Intelligent HVAC in a Warming World

As global temperatures become increasingly volatile, more and more of the worldwide population is exposed to extreme, potentially deadly heat.  The summer of 2022 saw thousands of heat-related deaths and record-high temperatures across the world.  Projections suggest that by 2100, between 50% and 75% of the global population will be exposed to lethal heat waves at least several weeks per year.

Global demand for air conditioning and cooling has soared in response to extreme weather, and skyrocketing energy prices are driving building managers and owners to seek energy cost-saving solutions.  Aside from energy costs, the reduction of building-related energy and emissions is a key factor in reaching global decarbonization targets as buildings account for upwards of 30% of global energy use and 15% of CO2 emissions.

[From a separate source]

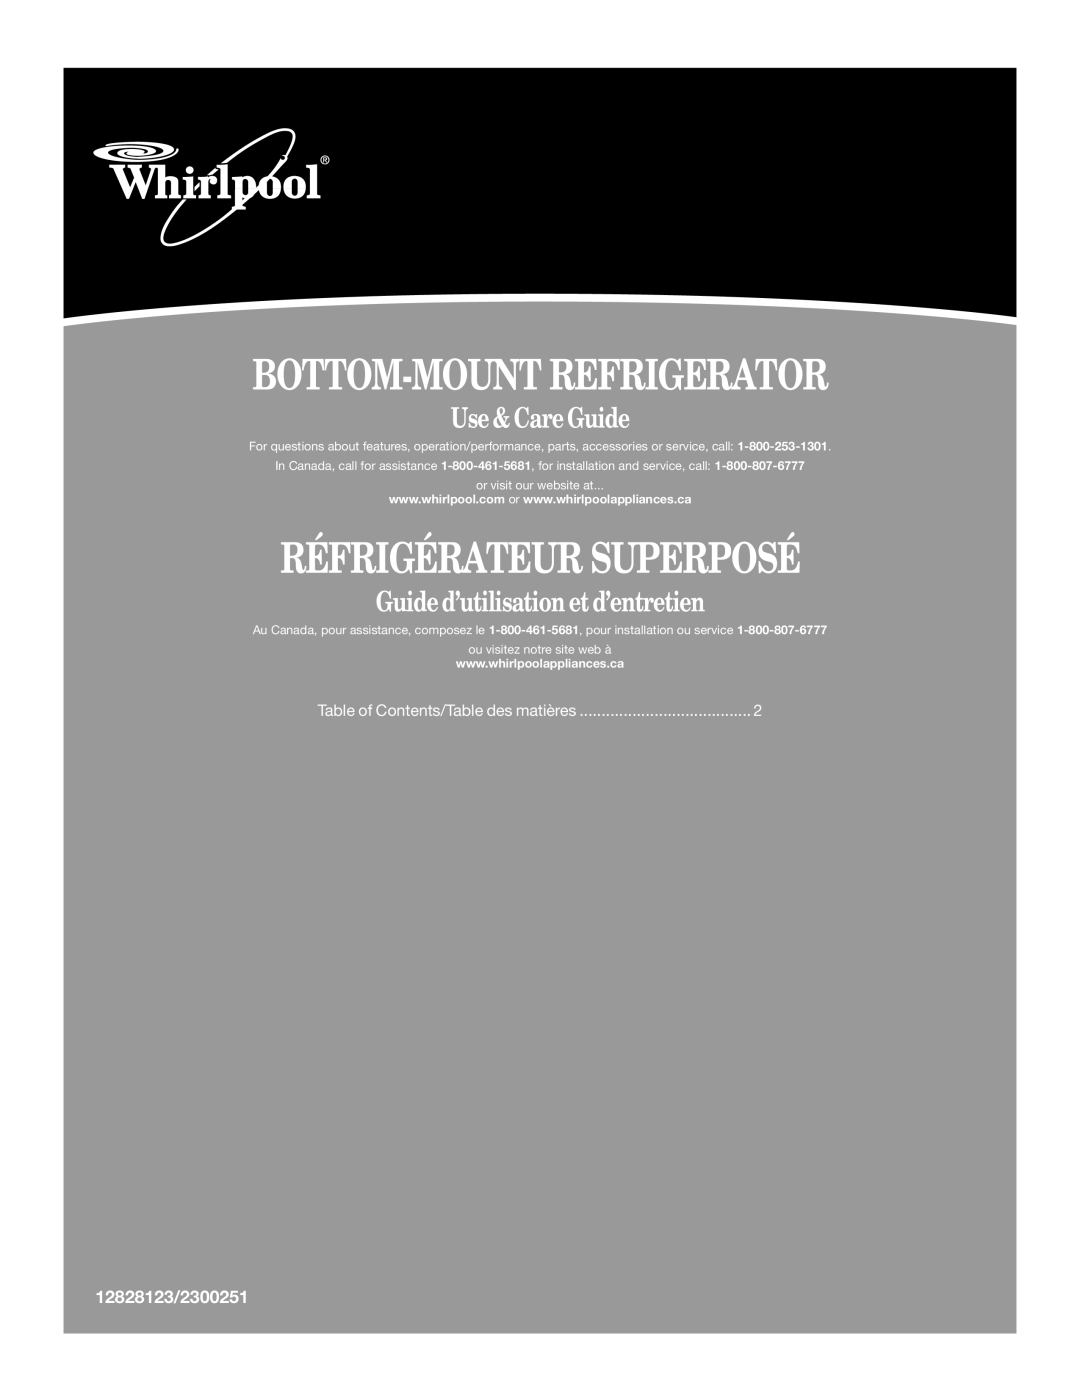 Whirlpool GB2SHDXPB00 manual Bottom-Mount Refrigerator, Réfrigérateur Superposé, Use & Care Guide, 12828123/2300251 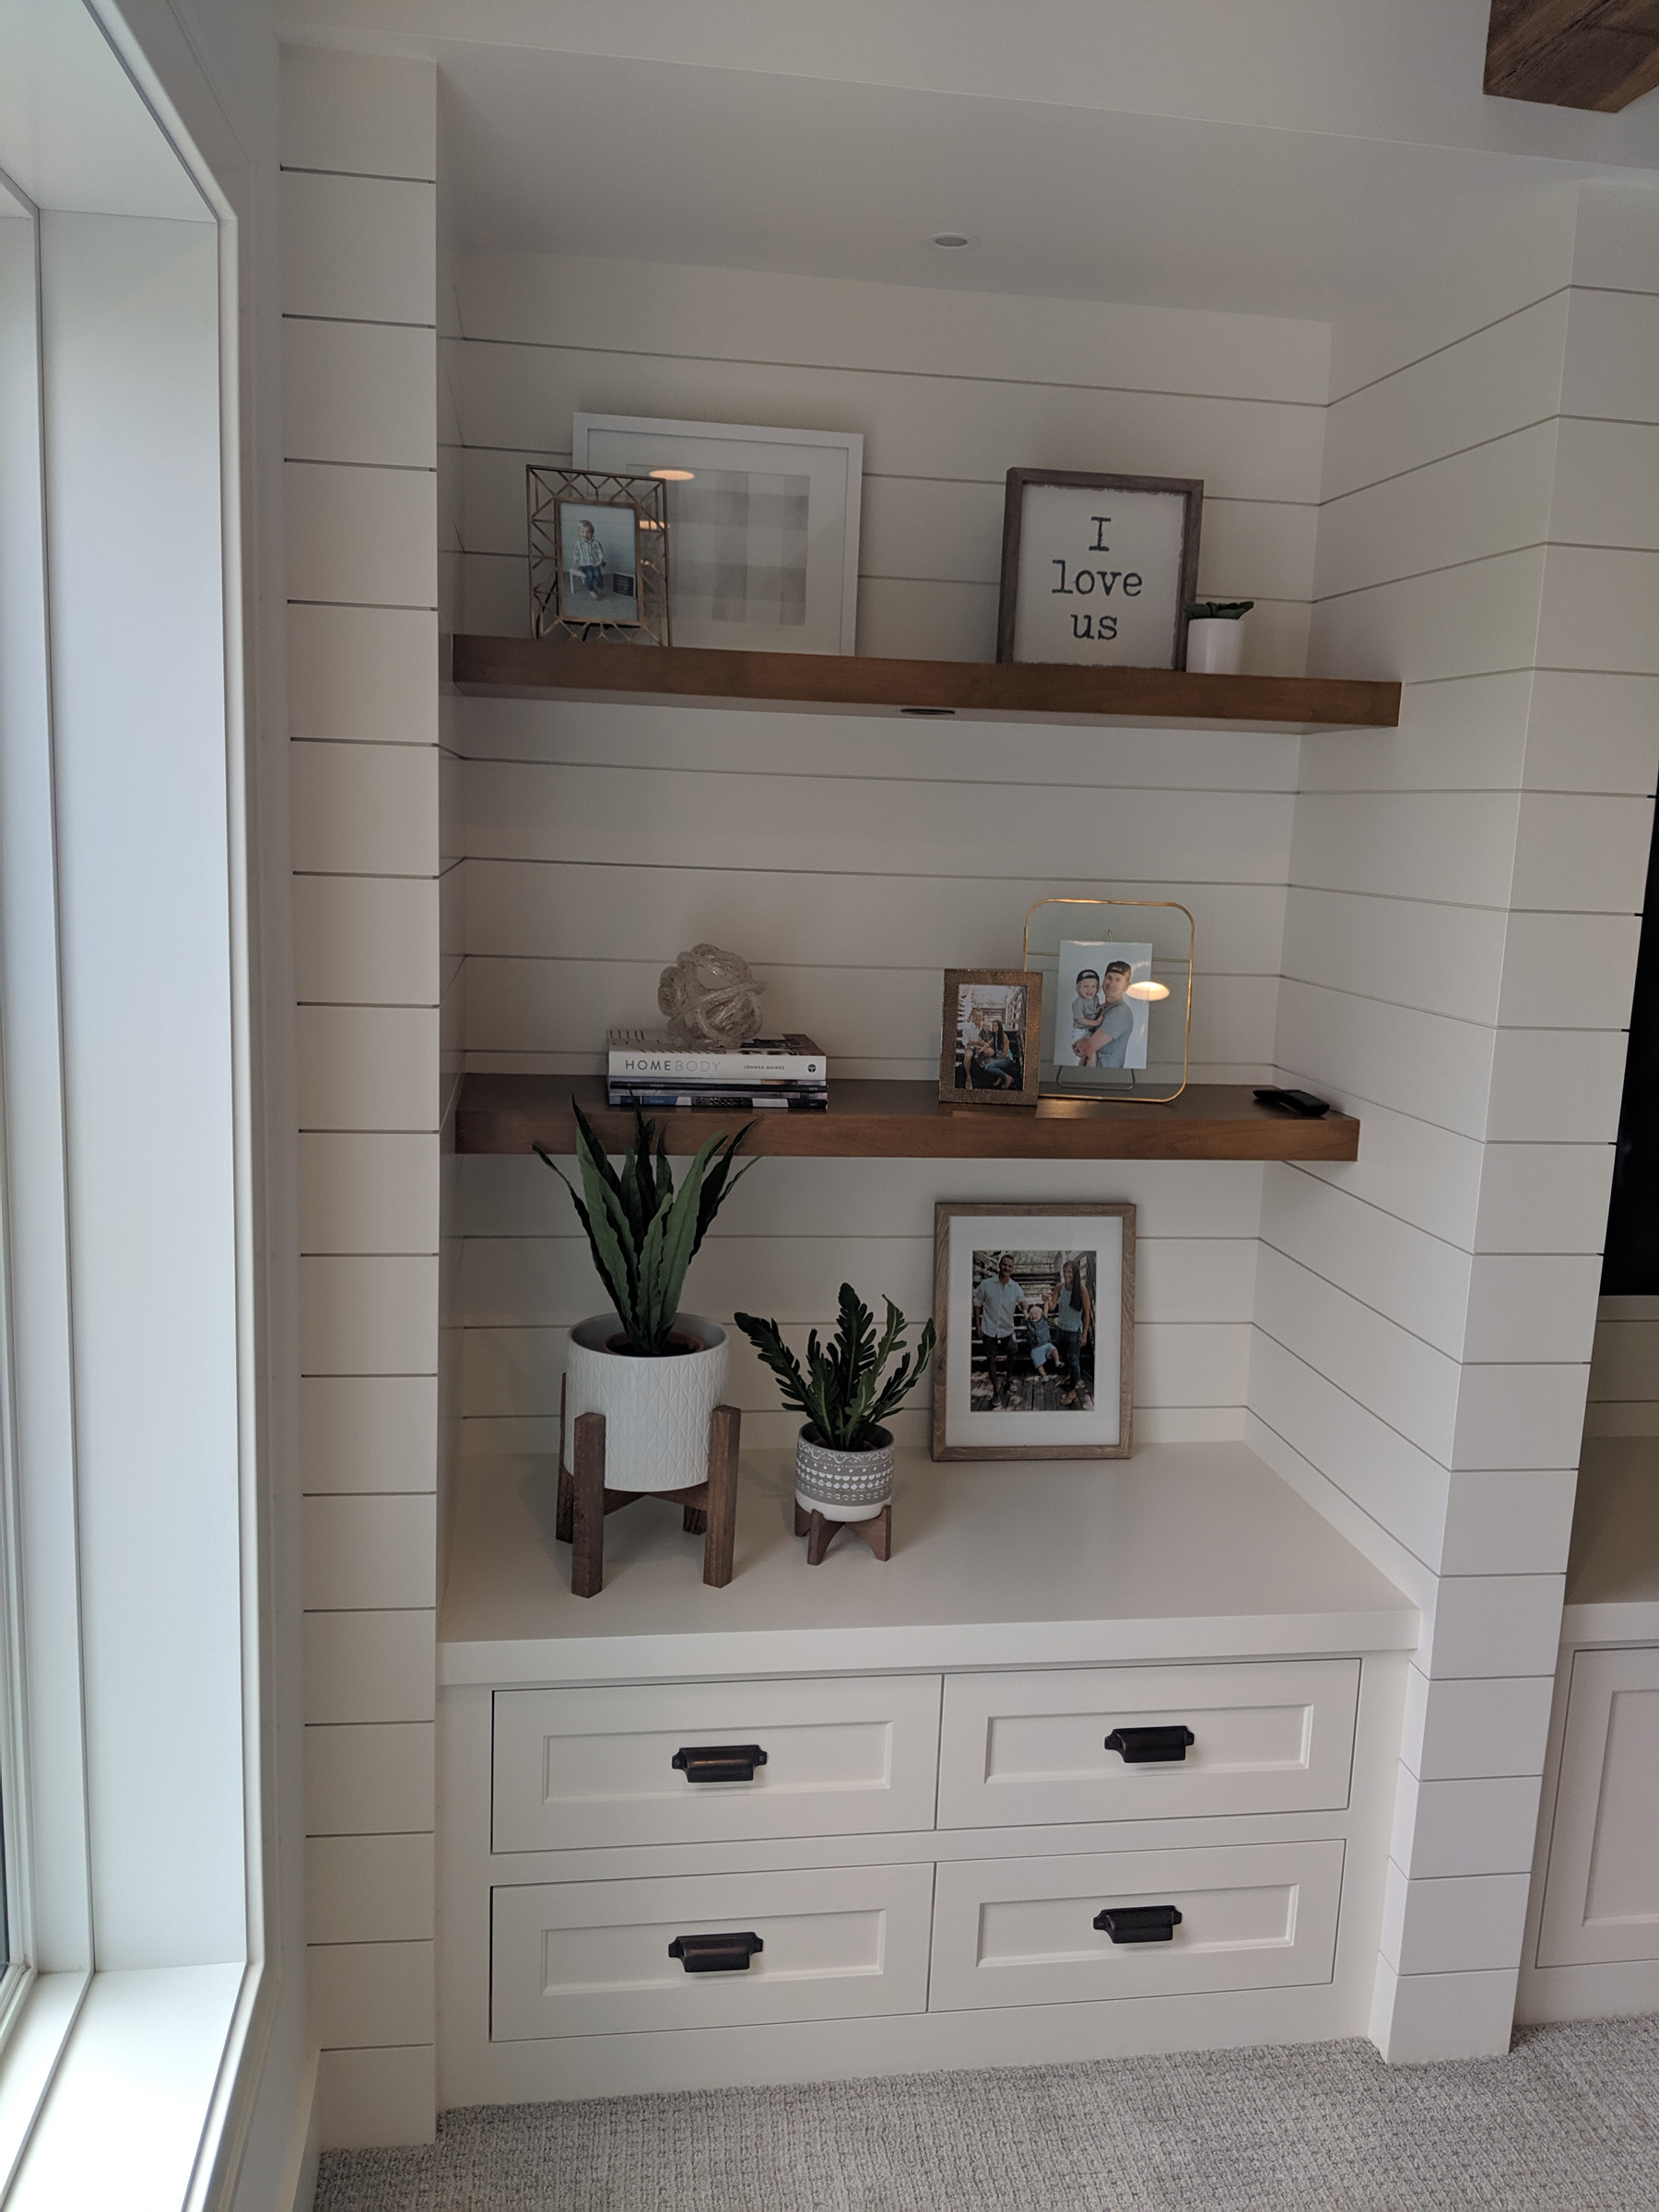 Inset craftsman custom enameled cabinets, floating shelves

Intelligent HVAC has emerged as a solution for property managers and owners to reduce the cost of building operations as well as for companies hoping to meet net zero targets to reduce energy consumption and emissions.  As HVAC accounts for roughly 35% of building energy use across building types, optimizing HVAC is the low-hanging fruit to efficiently reduce energy consumption and costs.  Although local and national building performance standards and energy efficiency regulations are becoming gradually more demanding, the significant energy savings proffered by HVAC optimization is the key demand driver.

Intelligent HVAC Technologies

Intelligent HVAC includes software for building management systems (BMS) optimization, autonomous data collection, connectivity hardware, and smart components to optimize HVAC.  HVAC optimization has evolved from the installation of hardware to monitor and control individual devices such as heaters, boilers, and refrigeration units, to solutions to optimize existing building infrastructure and leverage AI, machine learning, and a digital twin to achieve full-building automation and orchestration.

Innovators are regularly offering energy savings of 20%, while some promise up to 60% savings. Several of the main categories of intelligent HVAC technologies include:

  • HVAC Connectivity: Software and hardware that connect to a cloud system for whole-building connection and optimization (making “dumb” devices “smart”). An example is 75F, who offers an IoT-based HVAC control solution that allows for per room individual temperature control while saving up to 40% in energy costs.  An Android-based controller plus a combination of wireless sensors and patented dampers cuts installation labor by 80% over traditional zone control systems with a 3-year payback.

  • Software as a Service (SaaS):
    • Digital Twin: A digital twin is a real-time virtual representation of a real-world physical process that serves as the indistinguishable digital counterpart of it for practical purposes, such as system simulation, integration, testing, monitoring, and maintenance.

      Here, the digital profile of a building is optimized using a large data model either gathering data points from a specific building site (e.g., DABBEL, a developer of an AI-driven software solution to reduce HVAC energy consumption for buildings) or from a database of similar models (e.g., Arloid, a provider of automatic control software for HVAC devices based on changing environmental conditions and comfort in real-time).

  • Tenant-in-the-Loop Optimization: In this area, cloud platforms incorporate tenant feedback into the data model to optimize HVAC performance and thermal comfort. Cohesion is a provider of an IoT- and AI-enabled platform to help commercial real estate operators integrate their building’s systems.

  • Priority Asset Management: This is proprietary software that commands/controls a specific component or group of components. Brainbox AI, for example, uses predictive and self-adapting AI to optimize buildings, one of the world’s largest polluters.  By bringing autonomous AI to the built environment, an existing HVAC system becomes a predictive brain that learns precisely how to use less energy to optimize comfort in all zones, at all times.

All in all, innovators are now providing a combination of software and hardware solutions for buildings both with and without existing BMS for up to a 50% energy savings.  Full building orchestration and automation is the “today” of HVAC efficiency versus “yesterday” of monitoring/control of individual devices.  “Tomorrow” will likely be smart underlying components that swap out the high energy usage components and are the HVAC “brain” of networking, control, automation, hollowing out energy use and even offering value-added service layers from there.